### [Task prompt]
Transcribe the listing that follows in full, exactly, and drop its images.

### [Source data]
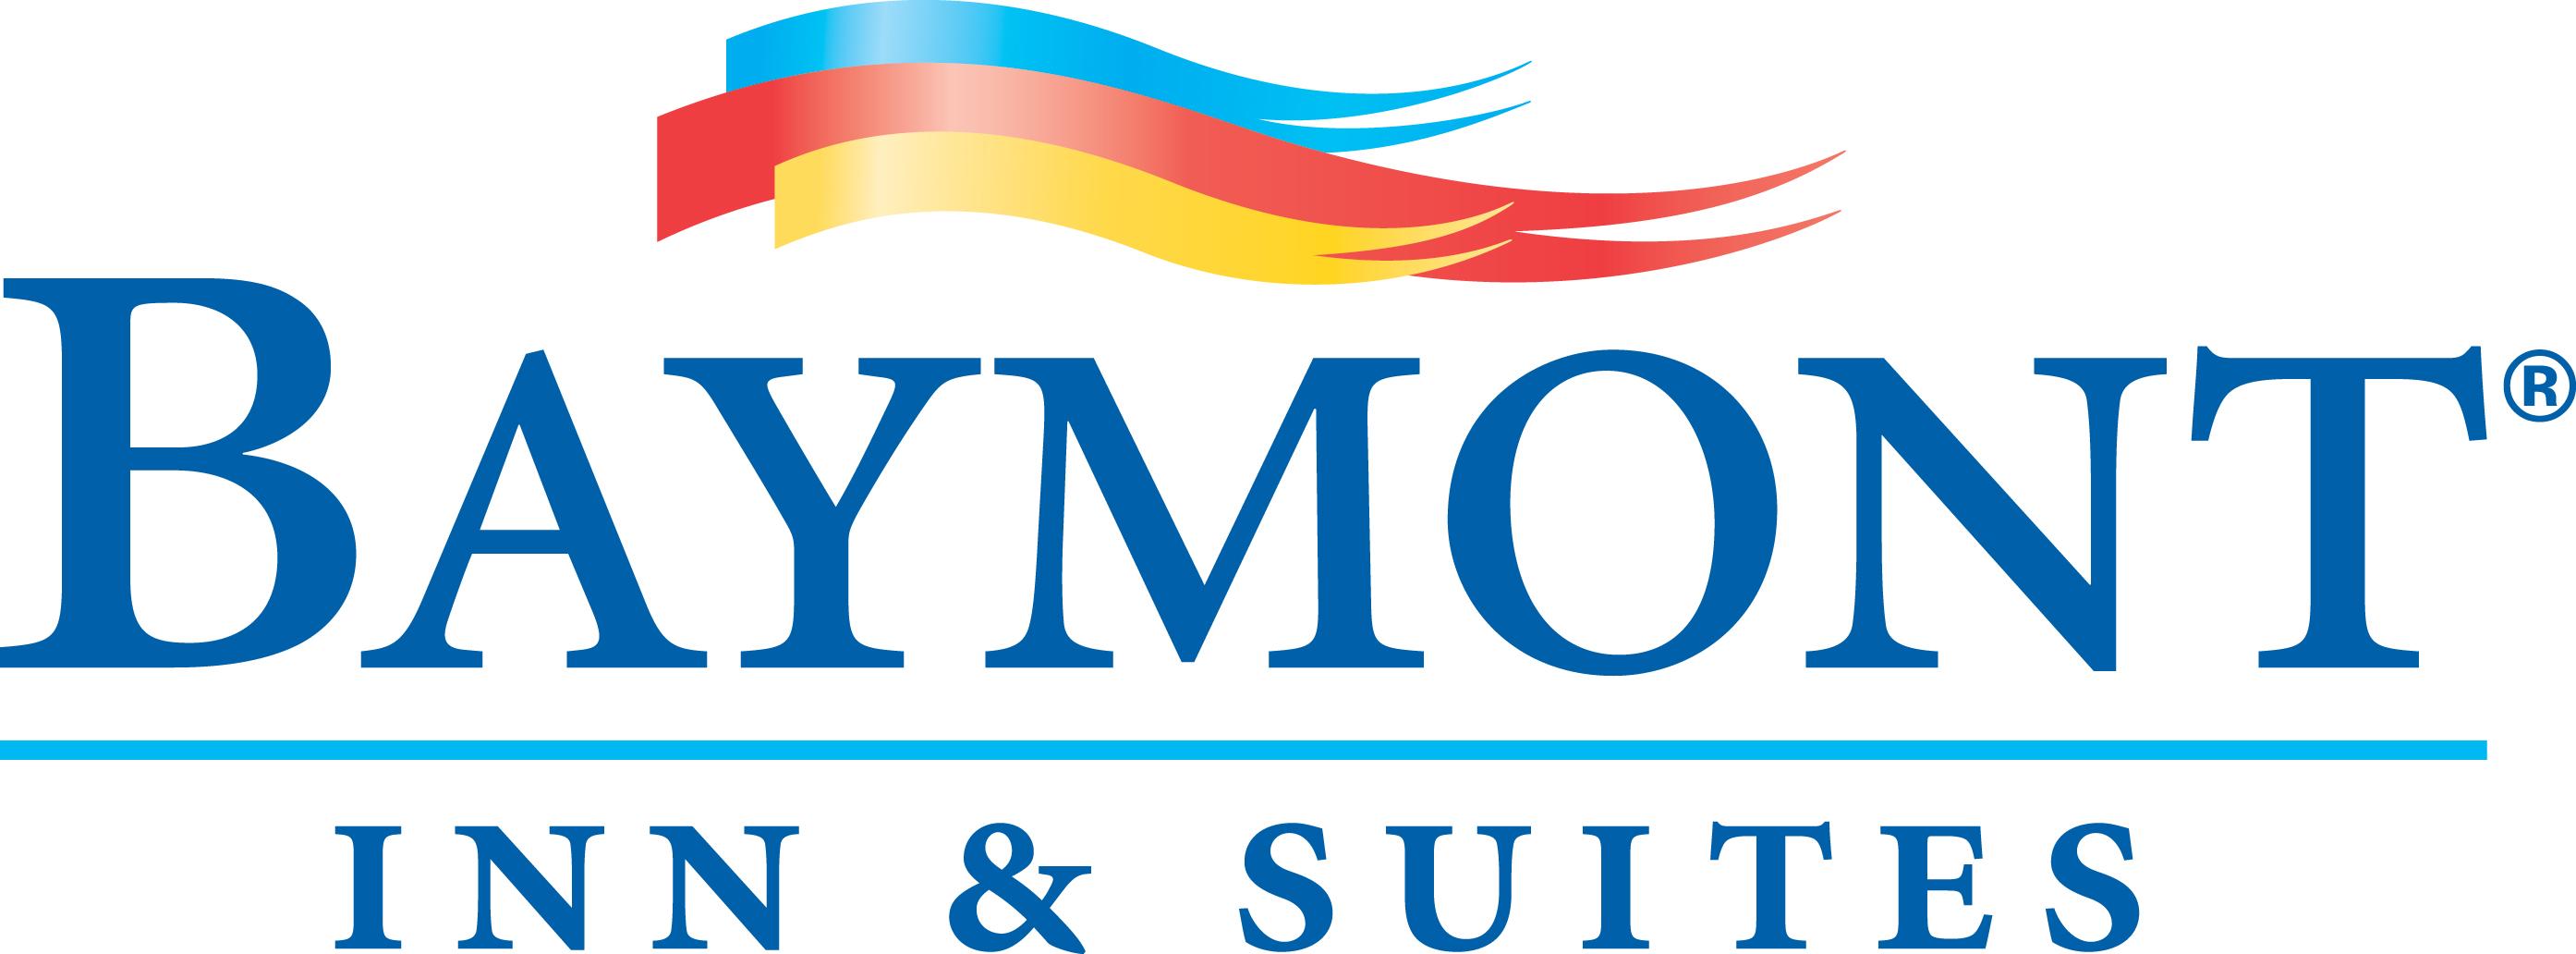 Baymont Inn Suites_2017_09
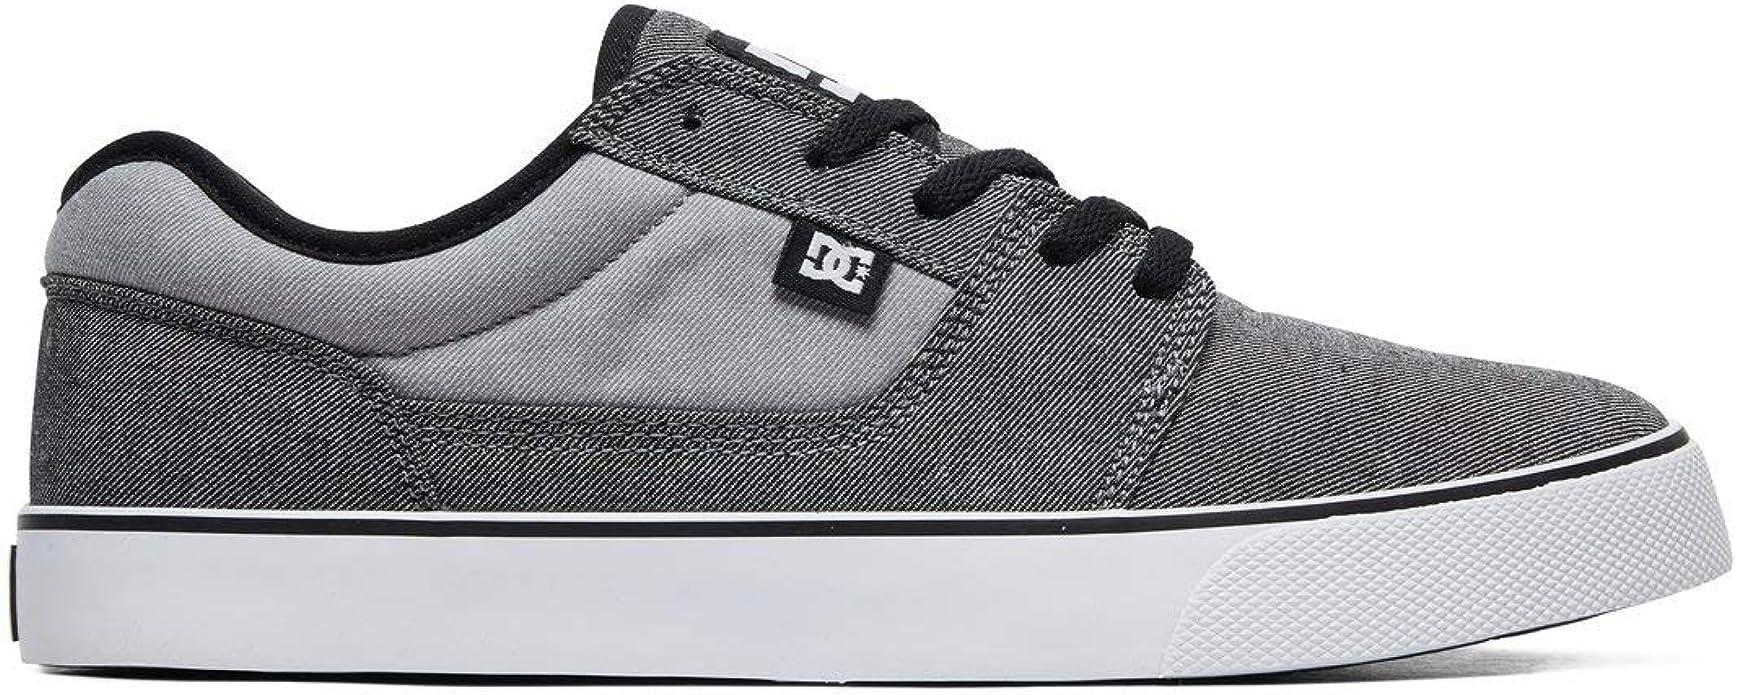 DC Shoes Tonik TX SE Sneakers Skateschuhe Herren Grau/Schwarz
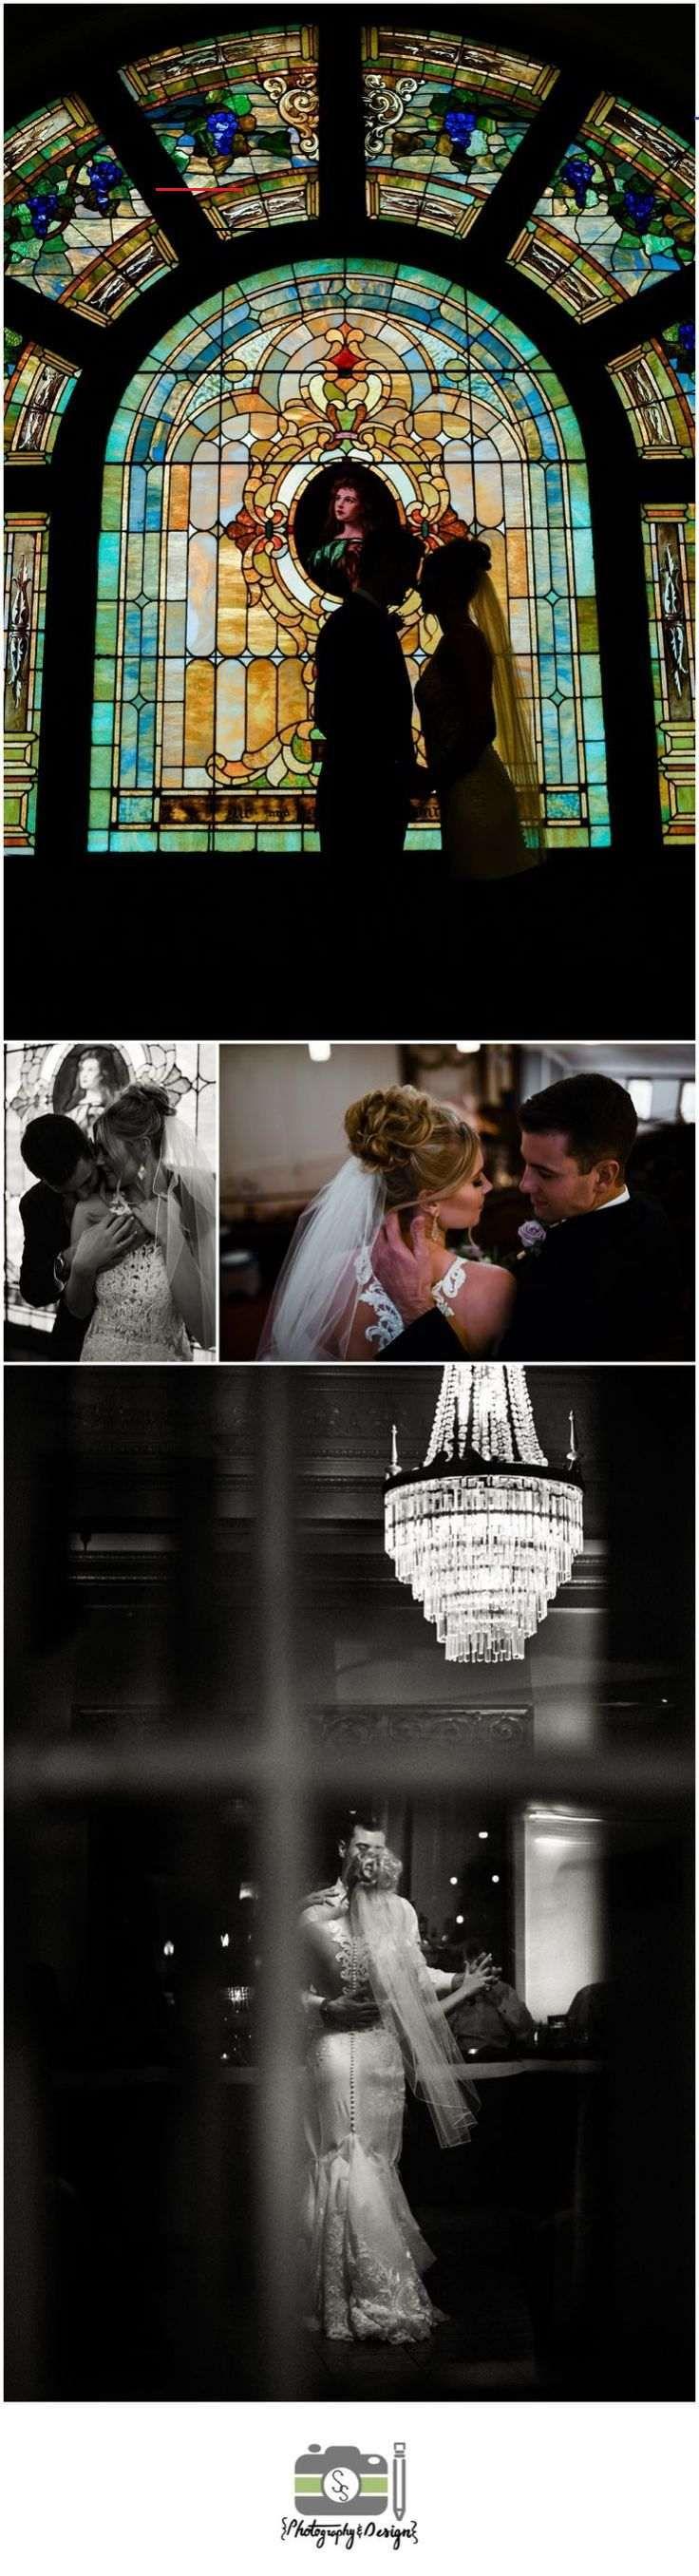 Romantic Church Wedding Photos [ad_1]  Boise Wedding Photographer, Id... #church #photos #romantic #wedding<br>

### [Response area]
 Baymont Inn Suites_2017_09
 DC Shoes Tonik TX SE Sneakers Skateschuhe Herren Grau/Schwarz
 Romantic Church Wedding Photos [ad_1]  Boise Wedding Photographer, Id... #church #photos #romantic #wedding<br>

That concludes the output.